También el sentido histórico del progreso (5),
una categoría ausente del pensamiento helénico, centrado en una visión
circular de la historia y propio de la concepción mesiánica del
judaísmo, que el cristianismo asume y desarrolla y que, pasado por el
tamiz de la laicidad, nos conduce al sentido del progreso. Y esa
concepción se traduce más tarde en la propia visión de la evolución de
la naturaleza a partir de creación inicial. El padre Teilhard de Chardin
lo desarrolló en unos términos fascinantes en El Fenómeno Humano y elevó a sus últimas consecuencias esta visión, lo que le comportó inicialmente la descalificación de Roma, (por ejemplo un monitum del
Santo Ofició en el pontificado de Juan XXIII), que se trasformó en
aceptación y elogio con el papa Pablo VI, que se refiere a Teilhard como
un científico que pudo «encontrar el espíritu», de manera que su
explicación del cosmos manifiesta «la presencia de Dios en el universo
en el principio inteligente y Creador». Juan Pablo II, valoró la figura
y las ideas de Teilhard. En 1981, el cardenal Agostino Casaroli, en
nombre de Juan Pablo II, escribe en la primera página del periódico del
Vaticano, L’Osservatore Romano:
¡Lo
que nuestros contemporáneos, sin duda, recordarán (del padre Teilhard
de Chardin) más allá de las dificultades de concepción y deficiencias de
expresión en este audaz intento de llegar a una síntesis, es el
testimonio de la vida coherente de un hombre poseído por Cristo en lo
más profundo de su alma! Estaba preocupado por honrar tanto la fe como
la razón, y anticipó la respuesta al llamamiento de Juan Pablo II: «No
tengáis miedo, abrid, abrid de par en par las puertas de los inmensos
ámbitos de la cultura, la civilización y el progreso a Cristo»

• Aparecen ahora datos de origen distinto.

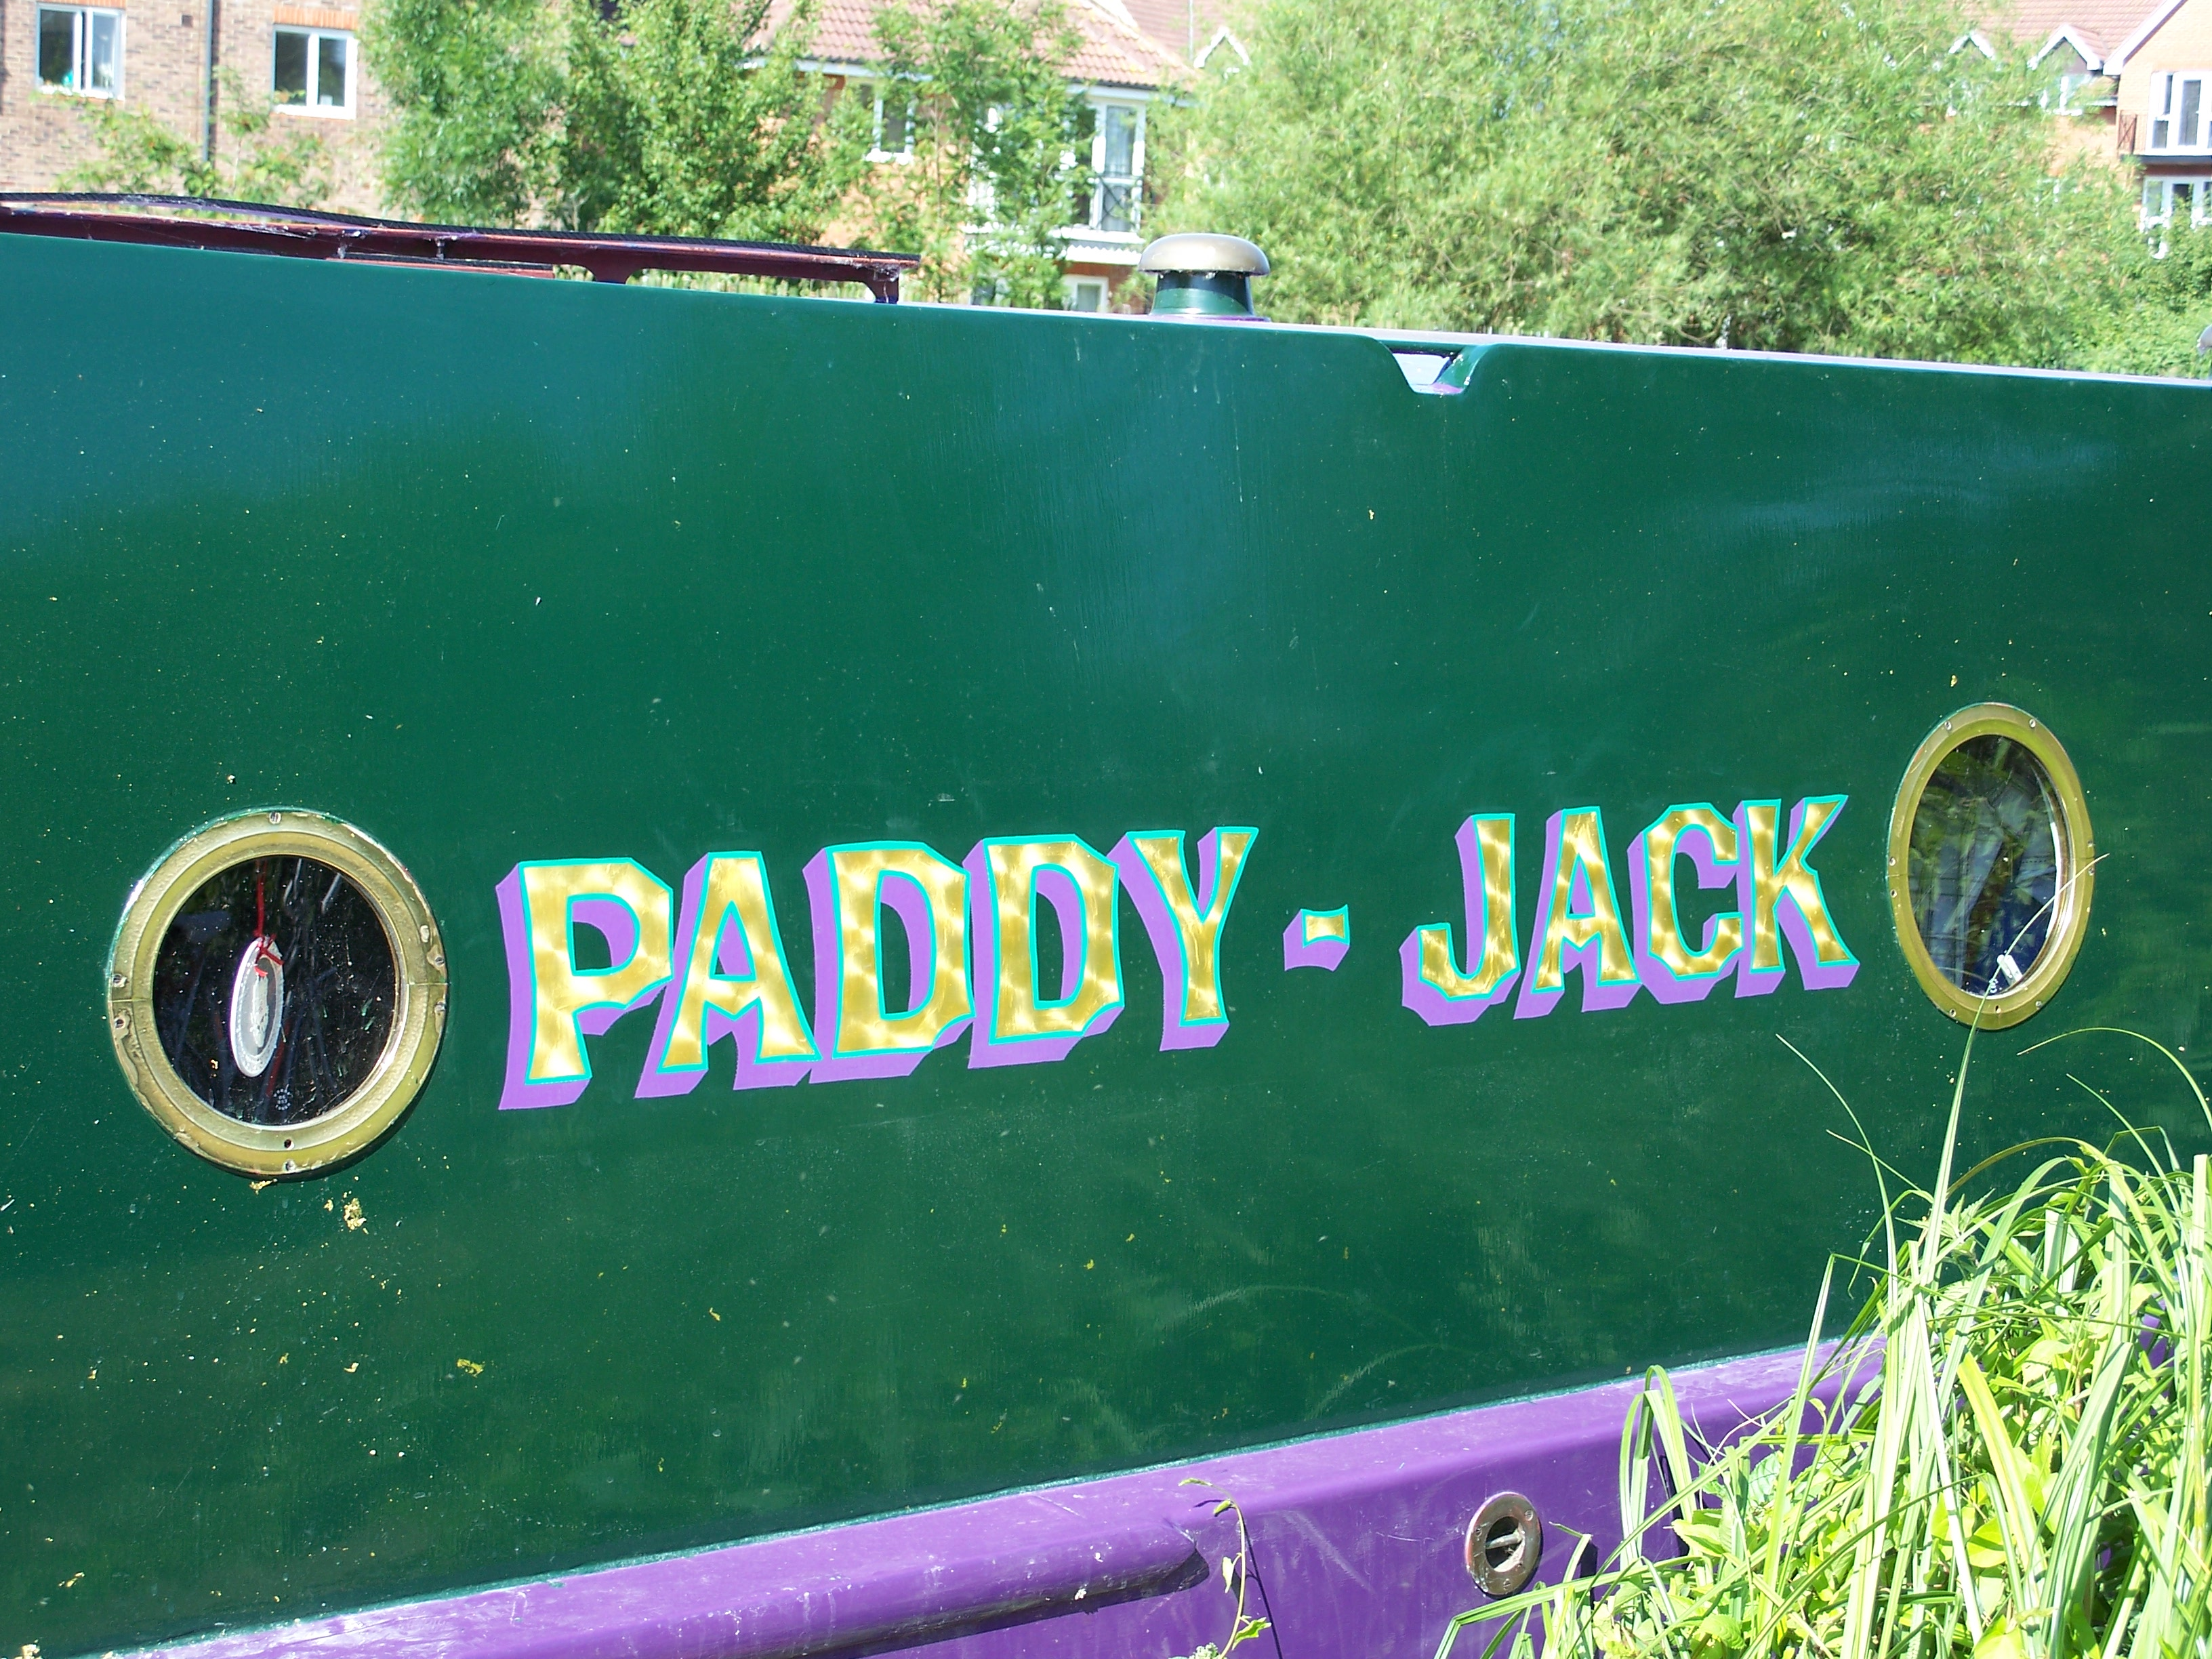 Paddy Jack

La idea de trascendencia (6)
de la relación personal con Dios a través del propio yo, que no surge
tanto del cumplimiento de la Ley como del reconocimiento de la
encarnación, muerte y resurrección de Jesucristo y su carácter
salvífico, y que da lugar a ese salir, transcender de uno mismo, para
darse. San Pablo y su Epístola a los Romanos, no solo construye una
pieza religiosa monumental, sino la matriz cultural de muchas dinámicas
posteriores. No existiría la filosofía europea sin este sentido de
ascender de ir a un más allá. Kant, Husserl, Jaspers, entre otros,
manejan distintos sentidos de trascendencia para construir su filosofía.
La trascendencia en el plano social, económico, político, por
consiguiente, antropológico, es el contrapeso del individualismo al que
necesariamente conduce la interiorización a la que antes me refería. En
el cristianismo la relación entre individualización fruto de la
interioridad, y el trascender de uno mismo, forjó un equilibrio fructífero, en tiempos recientes alterados por el individualismo, y su falso remedió, el colectivismo.